Usually, a document may contain the content of many aspects and
readers have different goals when searching and reading the
documents. Therefore, if in process 105 it is determined that the
document also contains more category names that can reflect the
content of the document, the procedure will be back to the process
102 and the next category name will be generated according to the
classification result of the document. If there is no other
category names need to be generated, the procedure will go into the
process 106.
[0042] In the process 106, the category name information that the
document belongs to is correspondingly stored with the document.
Specifically, according to the preferable embodiment of the present
invention, the category name information can be stored
correspondingly with electronic document as knowledge tags. For
instance, extensible makeup language (XML) can be utilized to
attach the tags to the document.
[0043] As mentioned above, the present invention doesn't limit the
specific way by which the category name information is stored. For
example, it can be stored with the electronic document as a part of
the electronic document, and it can also be stored separately as
long as it can correspond to the electronic document.
[0044] As will be apparent in the light of the foregoing disclosure
of the above embodiment, when the electronic document processing
method of the present embodiment is adopted, it becomes possible to
assist the author complete several preparations for the category
name to which the document belongs when the document is being
prepared and ensure the correctness of the category name to which
the document belongs by taking advantage of the writer's
comprehension over said document without bringing additional
workload to the writer.
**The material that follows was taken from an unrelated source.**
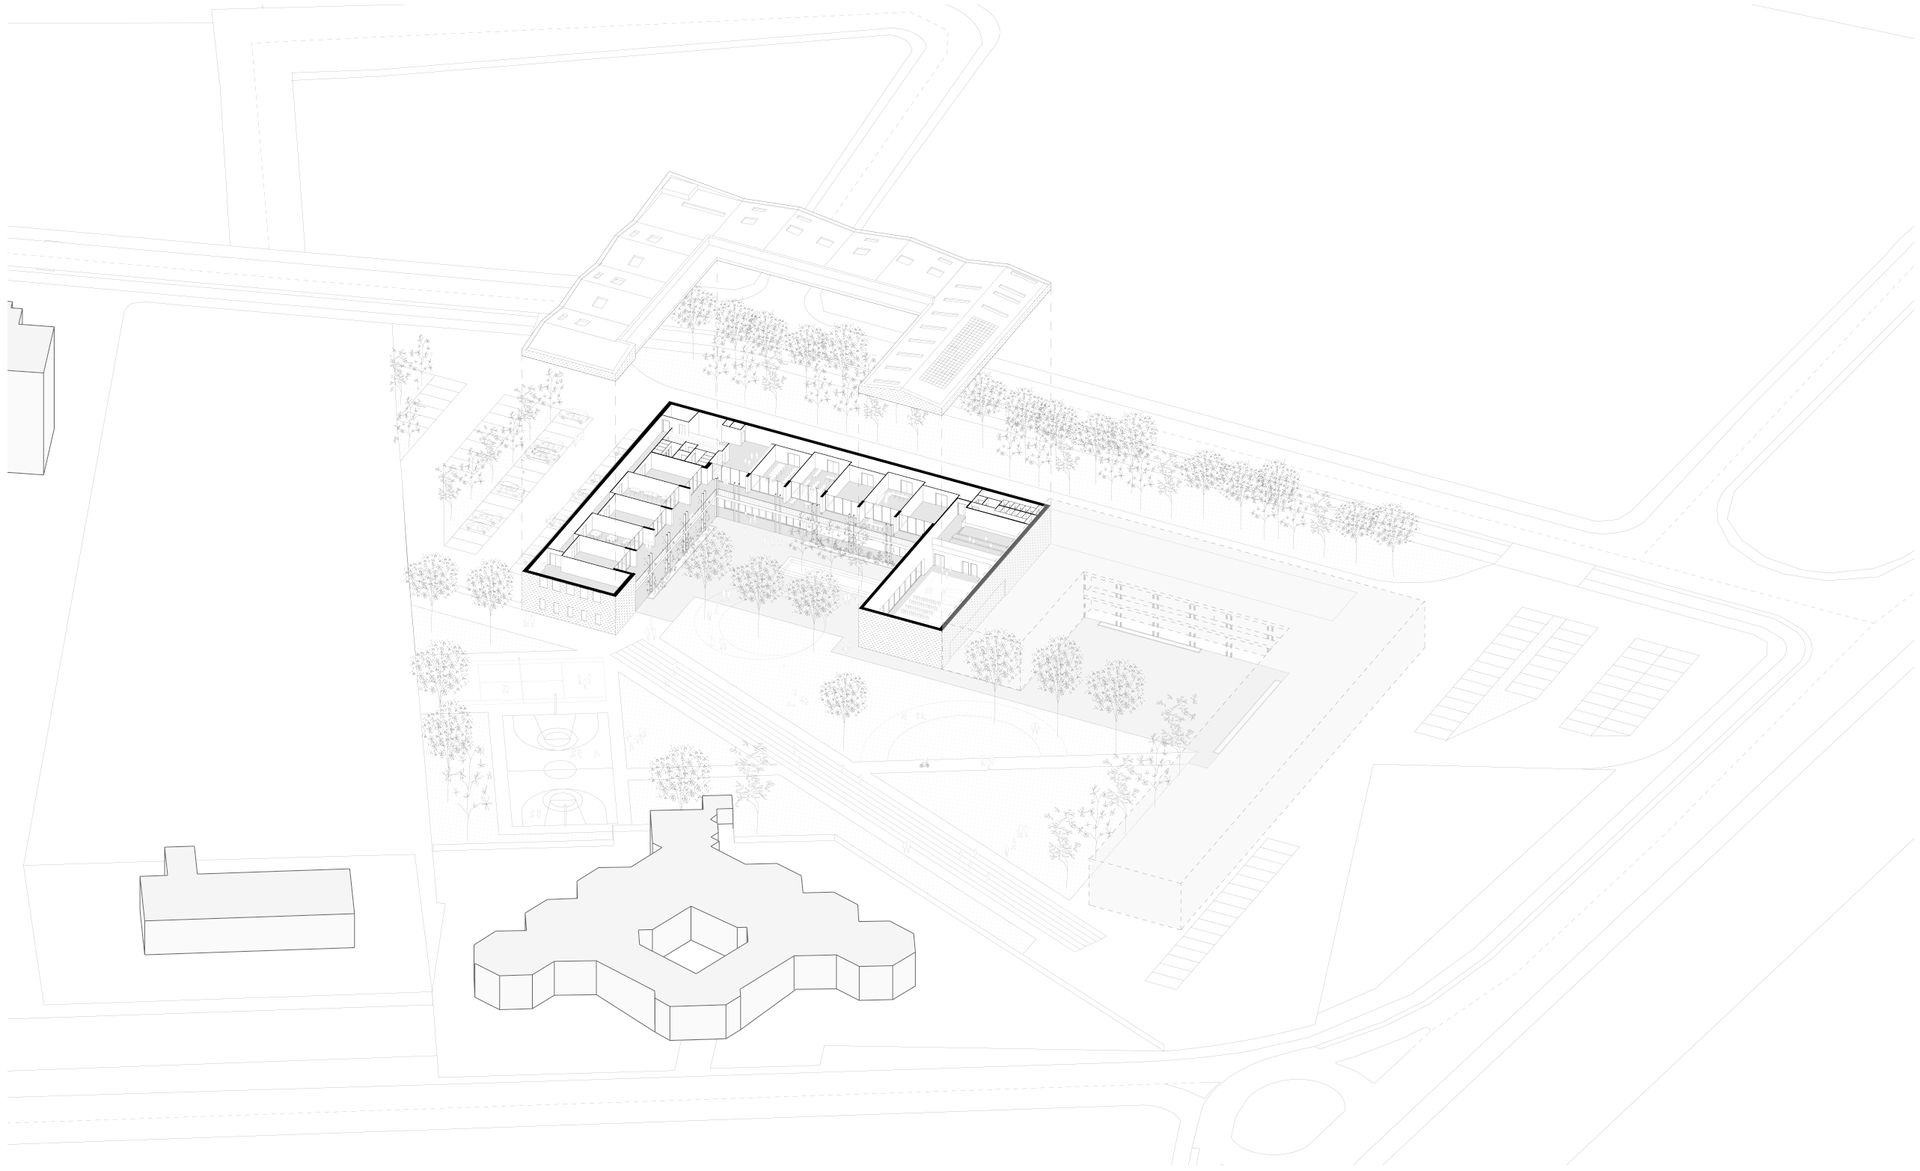 Progetto concorso scuola primaria Avezzano, riuso materiali locali. Officina Magisafi architettura design - assonometria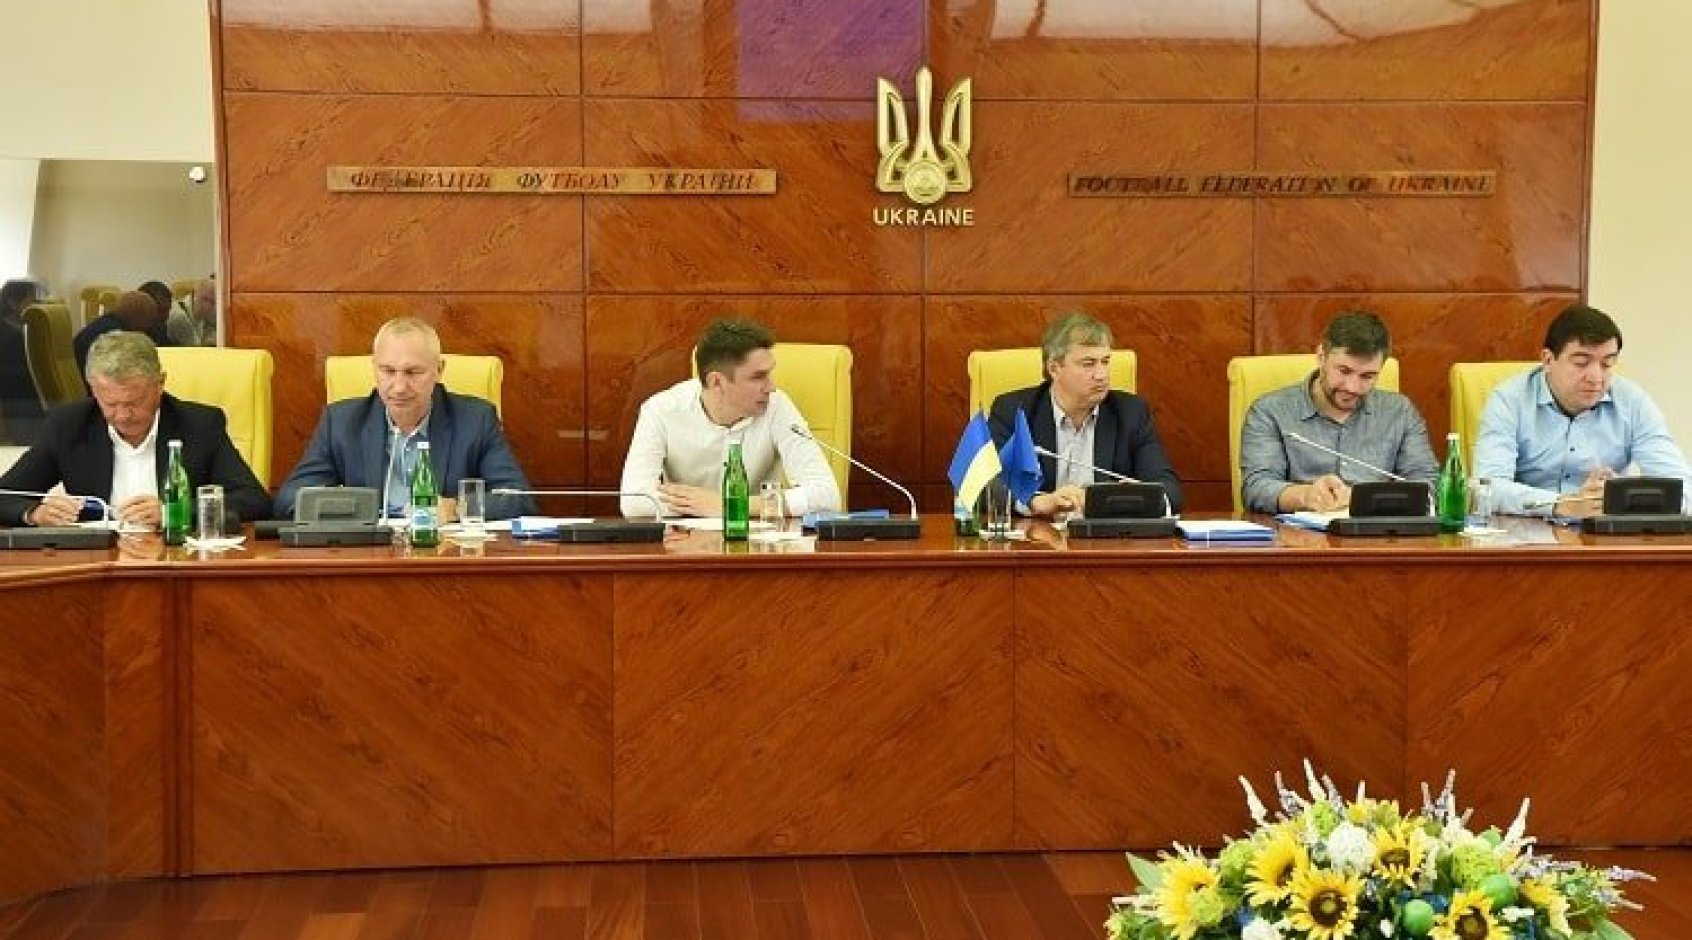 Відбулося розширене засідання Комітету стратегічного розвитку футболу, на якому було розглянуто низку важливих питань

And, due to that multiple category names,
which can fully reflect the category to which the document belongs,
can be generated for this document, the document classification
will be more exact and comprehensive when performing classification
using website, thus higher user's satisfaction can be obtained.
[0045] Electronic Document Processing Device
[0046] Under the same inventive concept, an electronic document
processing device is provided according to one aspect of the
invention. FIG. 2 is a schematic diagram showing the structure of
an electronic document processing device according to an embodiment
of the present invention.
[0047] As shown in FIG. 2, the electronic document processing
device 200 includes: an electronic document editing unit 201 for
editing the electronic document, wherein the electronic document
editing unit 201 can either be an independent document editing unit
or use the existing document editors, such as MS word, Adobe Writer
or WPS, etc.; a document classifying unit 202, which is used for
author to classify and analysis the electronic document written by
the user using various kinds of classification methods, and
generate a list of the category name(s) that the document belongs
to; a category name buffer unit 203 which is used to temporarily
store the category name information generated by document
classifying unit 202; a category name verification unit 204, which
is used to valuate and modify the category name(s) to which the
document belongs and stored by the category name buffer unit 203 in
order to determine the category name which the author's document
belongs to; and the category name storing unit 206, which is used
to correspondingly store the category name information generated by
the document classifying unit 202 with the electronic document.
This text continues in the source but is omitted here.